Reproduce the whole listing exactly, omitting any picture it holds.

INFORMATION SHOWN:
-.-.-

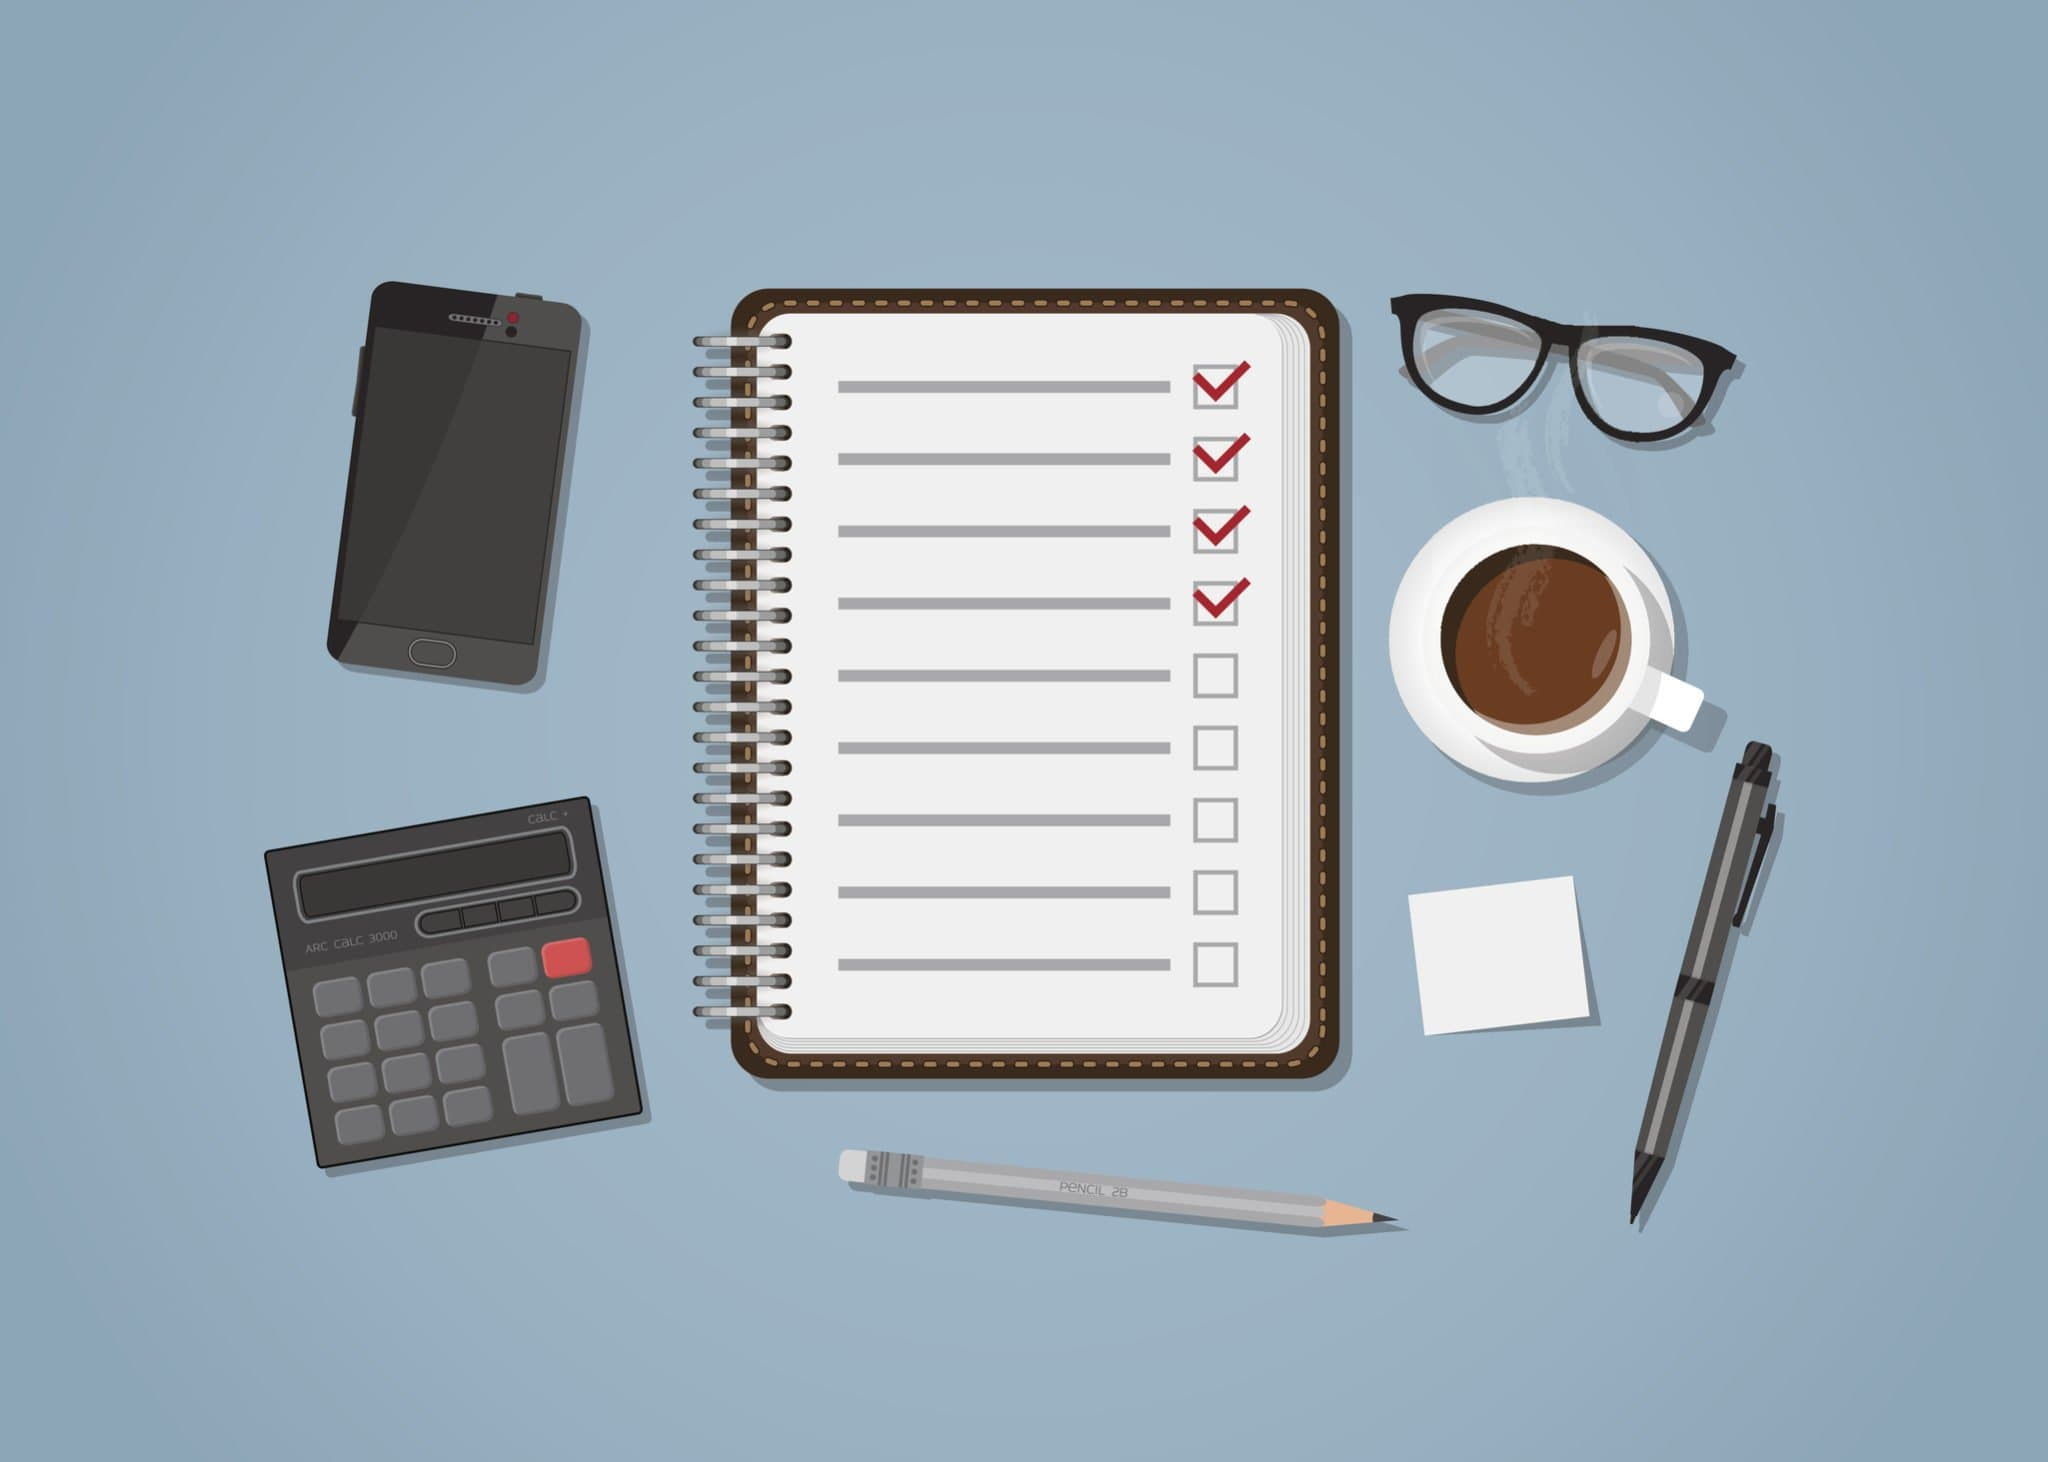 end-of-year-payroll-checklist
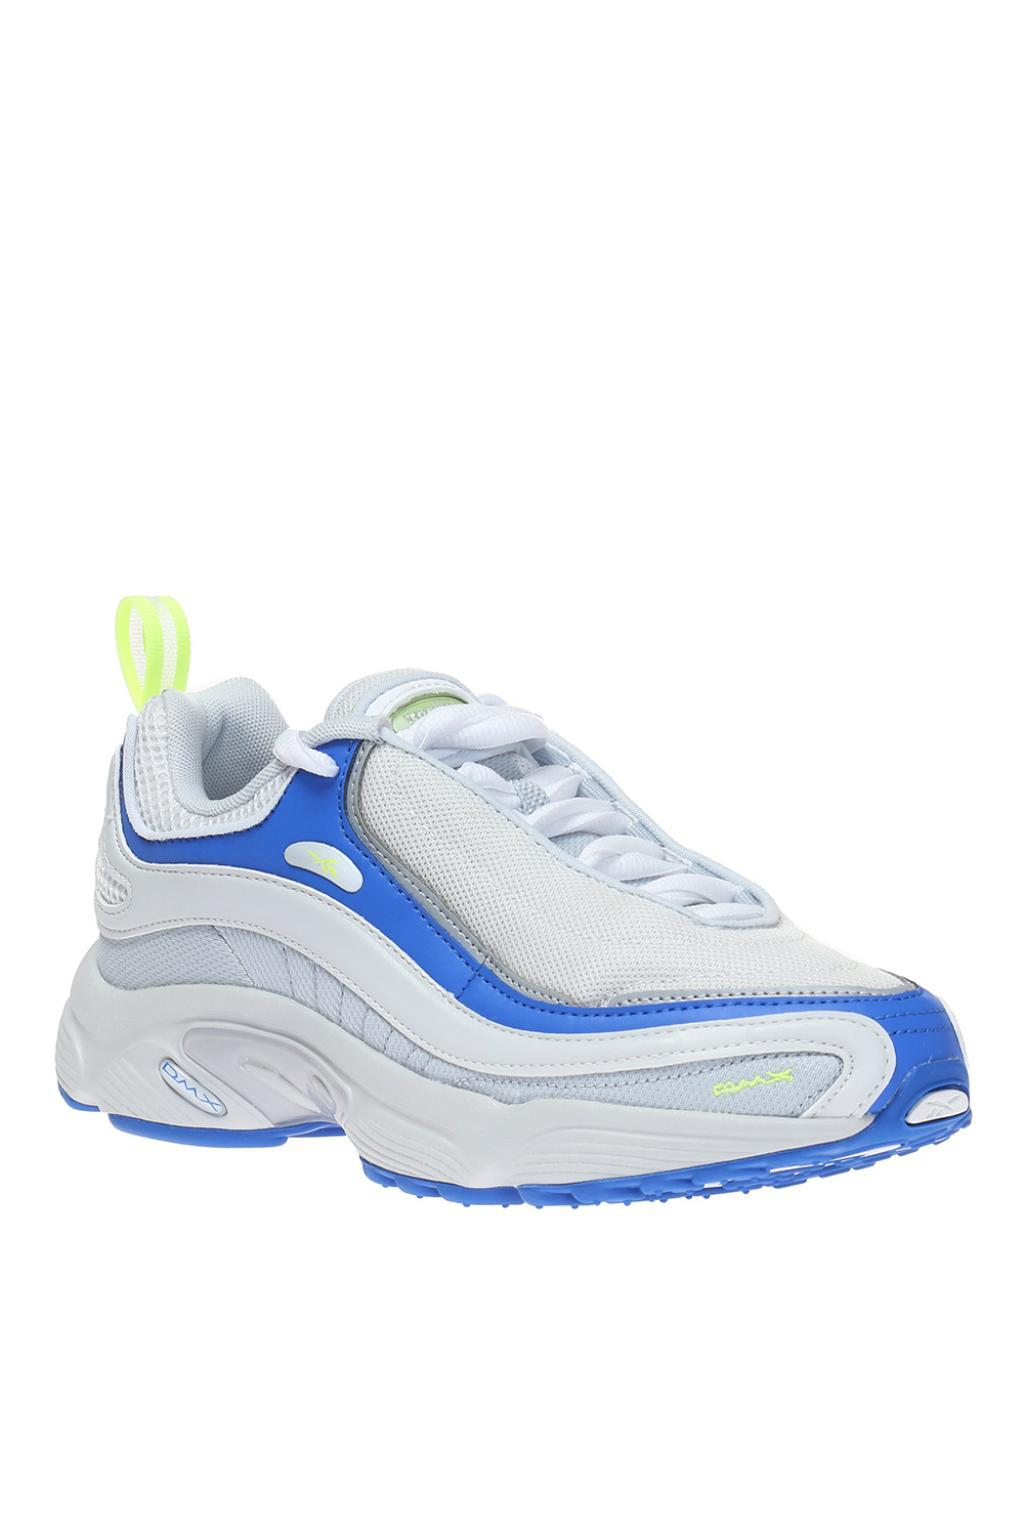 c4e77118eb23 Reebok  daytona Dmx  Sport Shoes in White for Men - Lyst
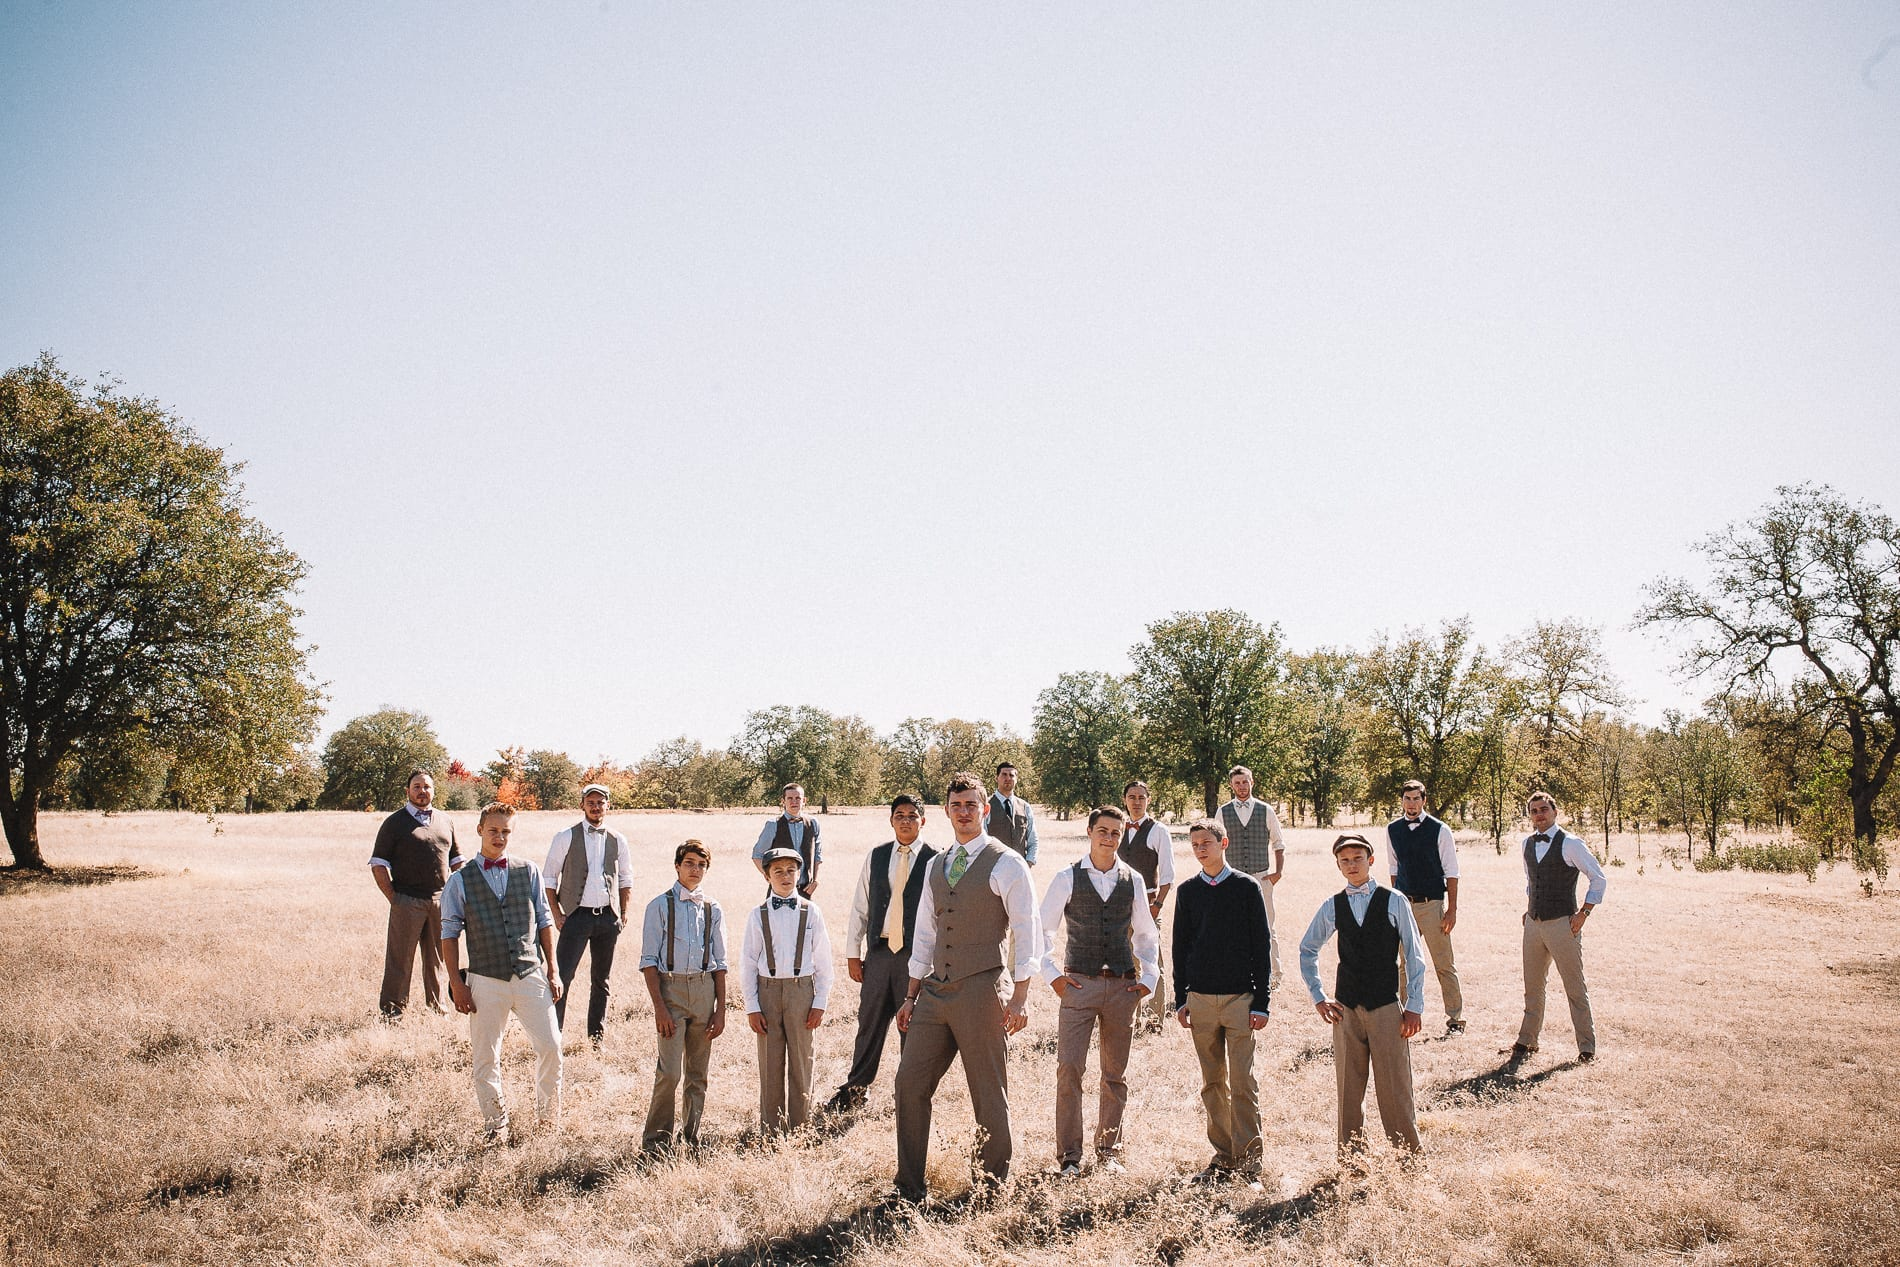 redding-twin-view-lema-ranch-wedding-photo-21

-.-.-

THE COMPLETED TASK:
 end-of-year-payroll-checklist
 c4e77118eb23 Reebok  daytona Dmx  Sport Shoes in White for Men - Lyst
 redding-twin-view-lema-ranch-wedding-photo-21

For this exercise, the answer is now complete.